The Driving Sales Vendor Awards have become a benchmark for peer review. All votes are carefully validated to ensure that the person voting is actually a dealership employee.

This year my company was listed in the categories for which we offer products and services and each year we make sure that we ask our customers to take a minute and posted their rating for our services. We make these requests on the phone and also via email.

We have friendly “battles” with our industry competitors but it’s all good for keep the competitive spirit alive. Now that the voting for the 2010 Driving Sales Vendor Awards is closed, I wanted to share an observation.

The Review Process

I’m sure you know that getting YOUR customers to post reviews on Google Places is hard. After someone purchases their car and gets home, it is hard to motivate them to take action remotely and post a review from their home IP address.

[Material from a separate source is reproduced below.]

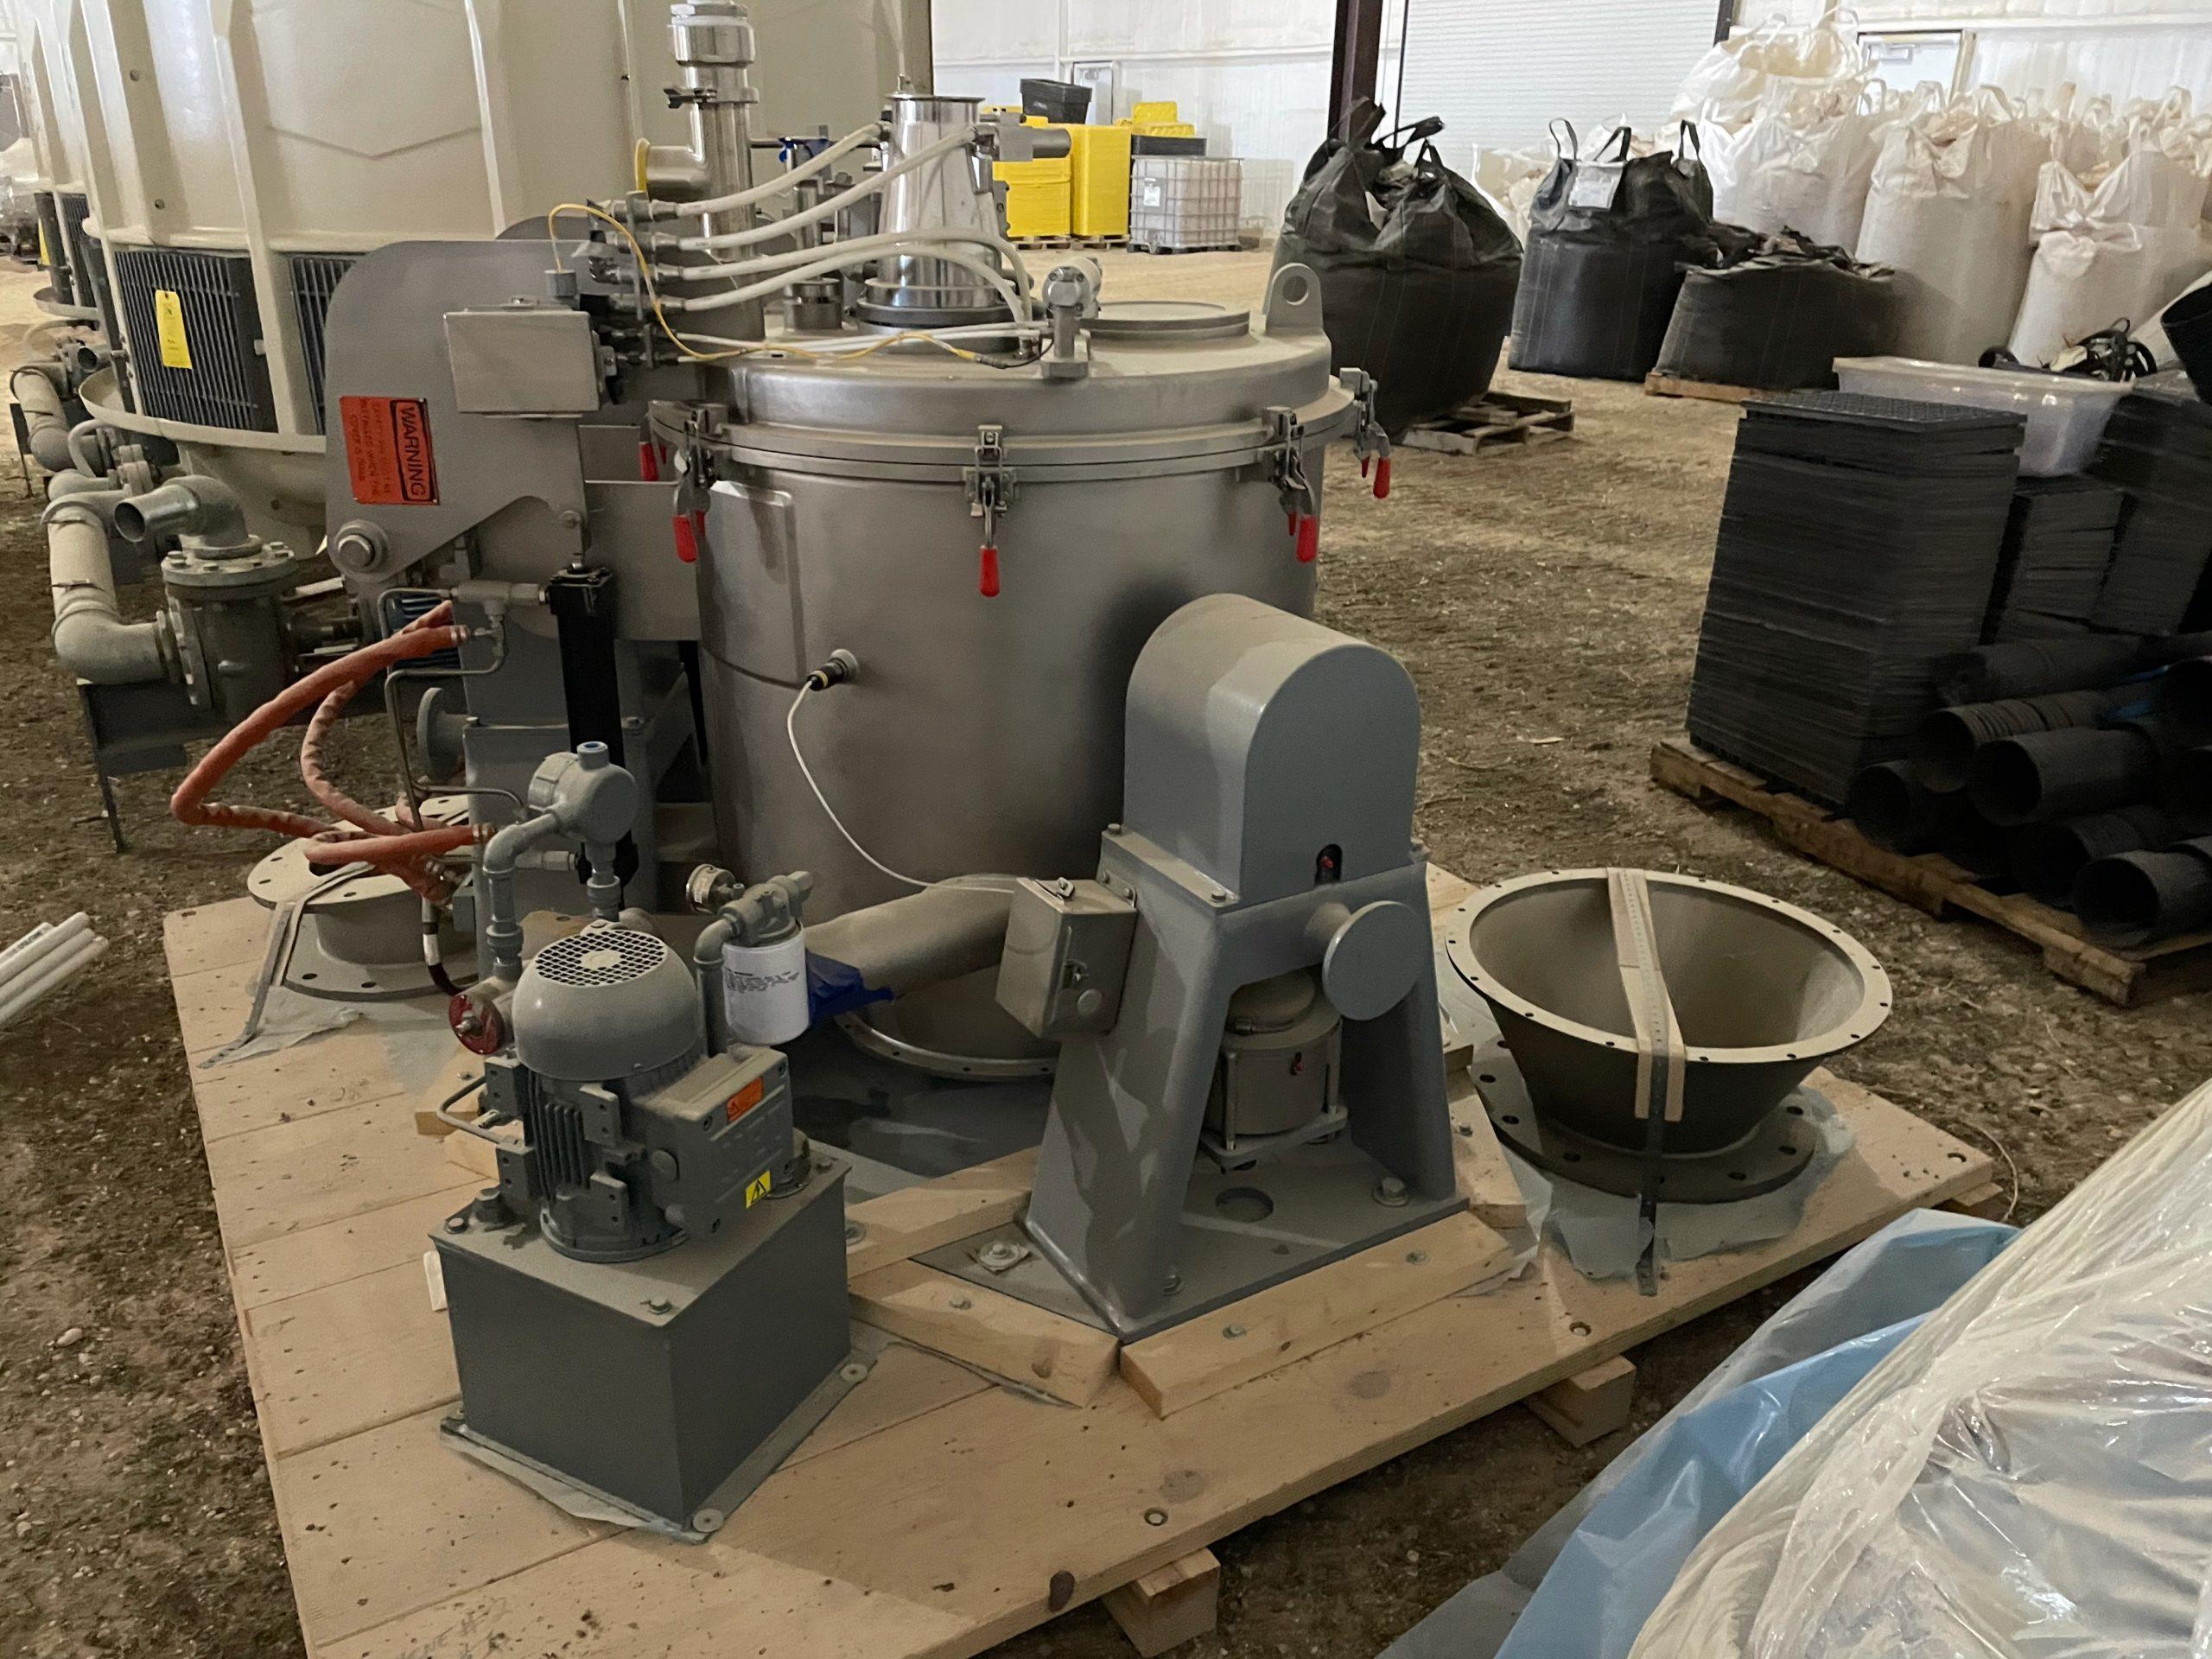 Western States Q-120 perforate basket centrifuges

What is even harder is to get OUR car dealer clients to rate their vendors (us) on the DrivingSales Vendor Awards. Our automotive clients put off the task just like your car buyers…its ironic.

For example, for Internet Trainer, I have trained hundreds of car dealership employees at conference, workshops, and through webinars. Many of these automotive professionals have joined one of the PCG managed online communities or they are in our email database. Only a small percentage have taken the time to read my email advising them of the voting process and visited DrivingSales to vote.

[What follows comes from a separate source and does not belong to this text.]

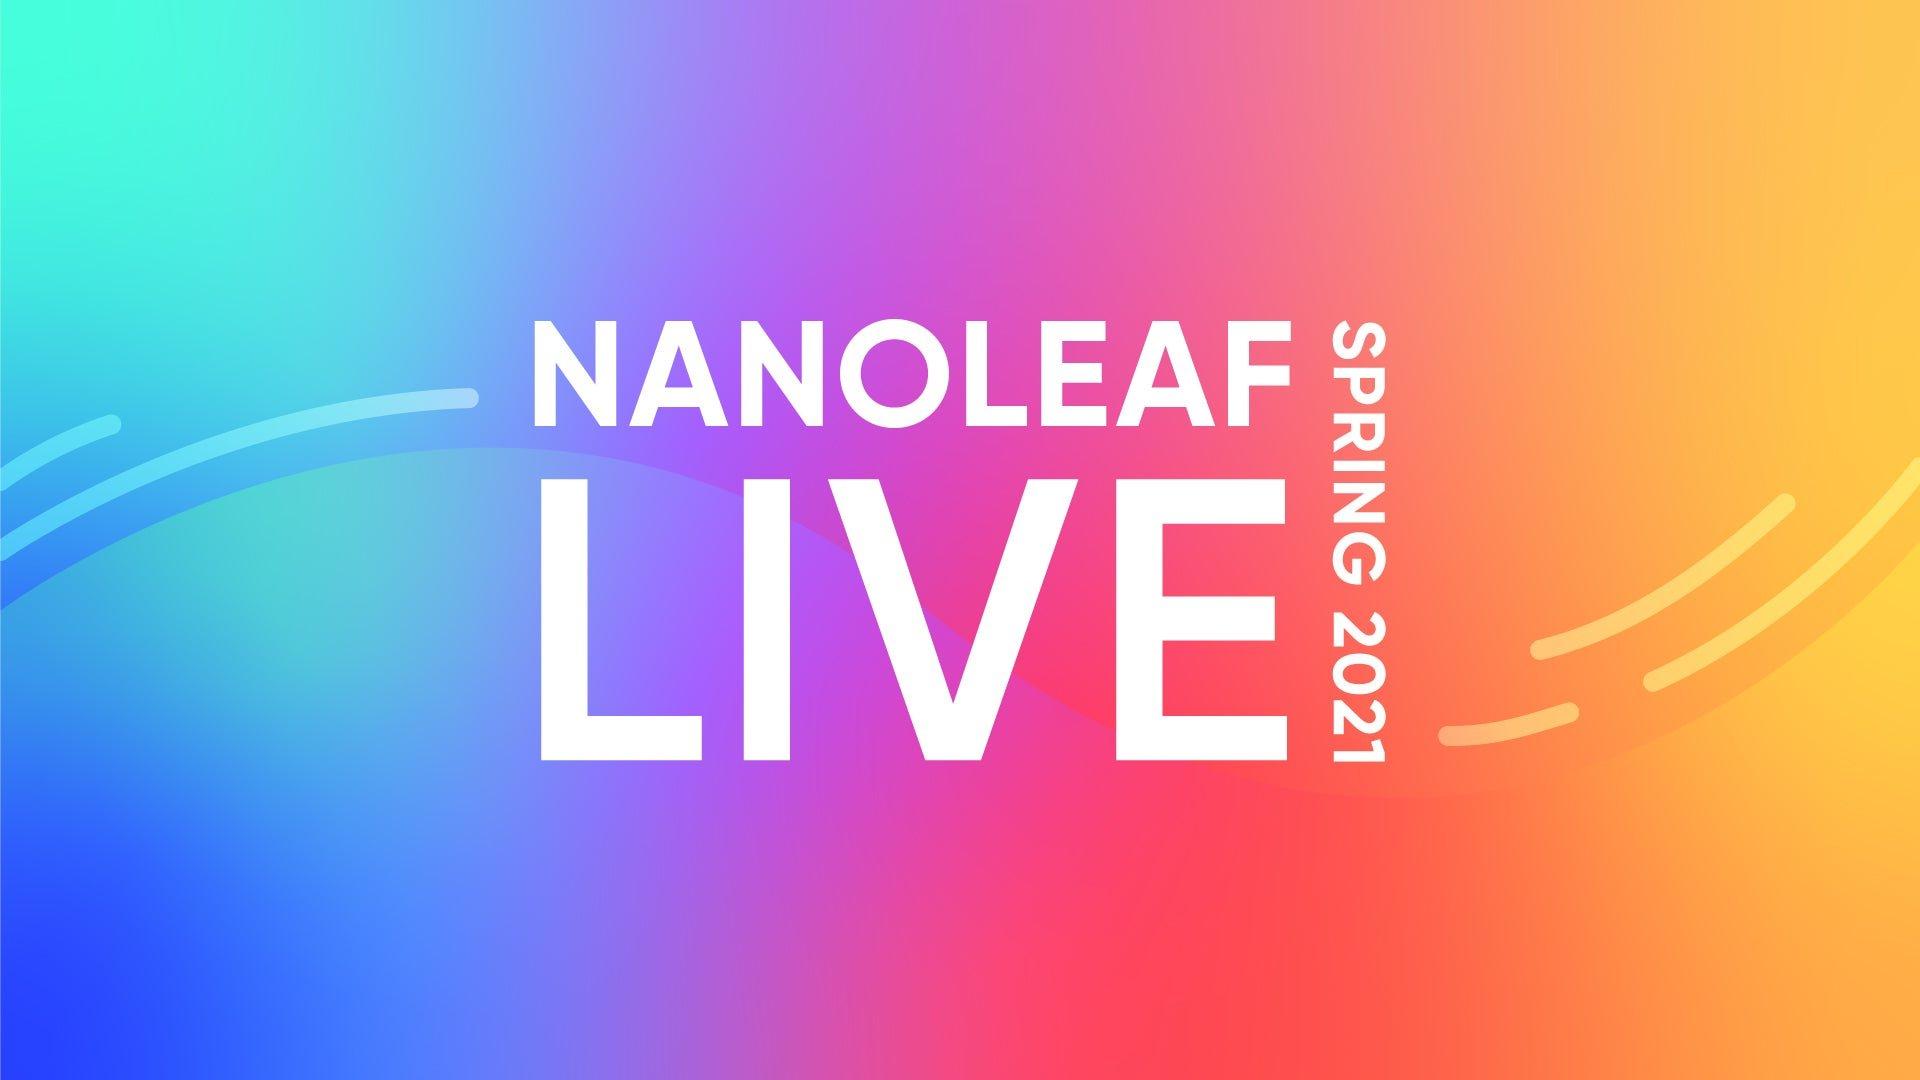 YOU DESERVE LIVE Our live virtual event NANOLEAF LIVE SPRING

In another category, only clients of PCG can vote in the Automotive SEO Vendor category. What is ironic is that we help hundreds of rooftops with their SEO and most indicate that they are satisfied when we ask them (Does this sound familiar?) Most all have committed to voting online. (Does this sound familiar?) Yet the review counts are very low! (Does this sound familiar?)

I’m not complaining. Many of our great supporters voted this year but it did not come without a tremendous investment in time and resources. Verbal phone commitments produce low online voting results.

We Need a Better Approach

So this process has really educated me that we need to think of new ways to motivate our customers to take the time to click and post a review online once they leave the dealership. If car dealers are coming to realize that Internet Reputation Management is important, what call to action could I have created to make our car dealer clients vote?

The answers are there….automotive retailers who are part of this community just have to ask why they didn’t take time to vote for their favorite vendors? If you did vote, what motivated you to take time to vote? We need to start discussing the psychology behind voting online.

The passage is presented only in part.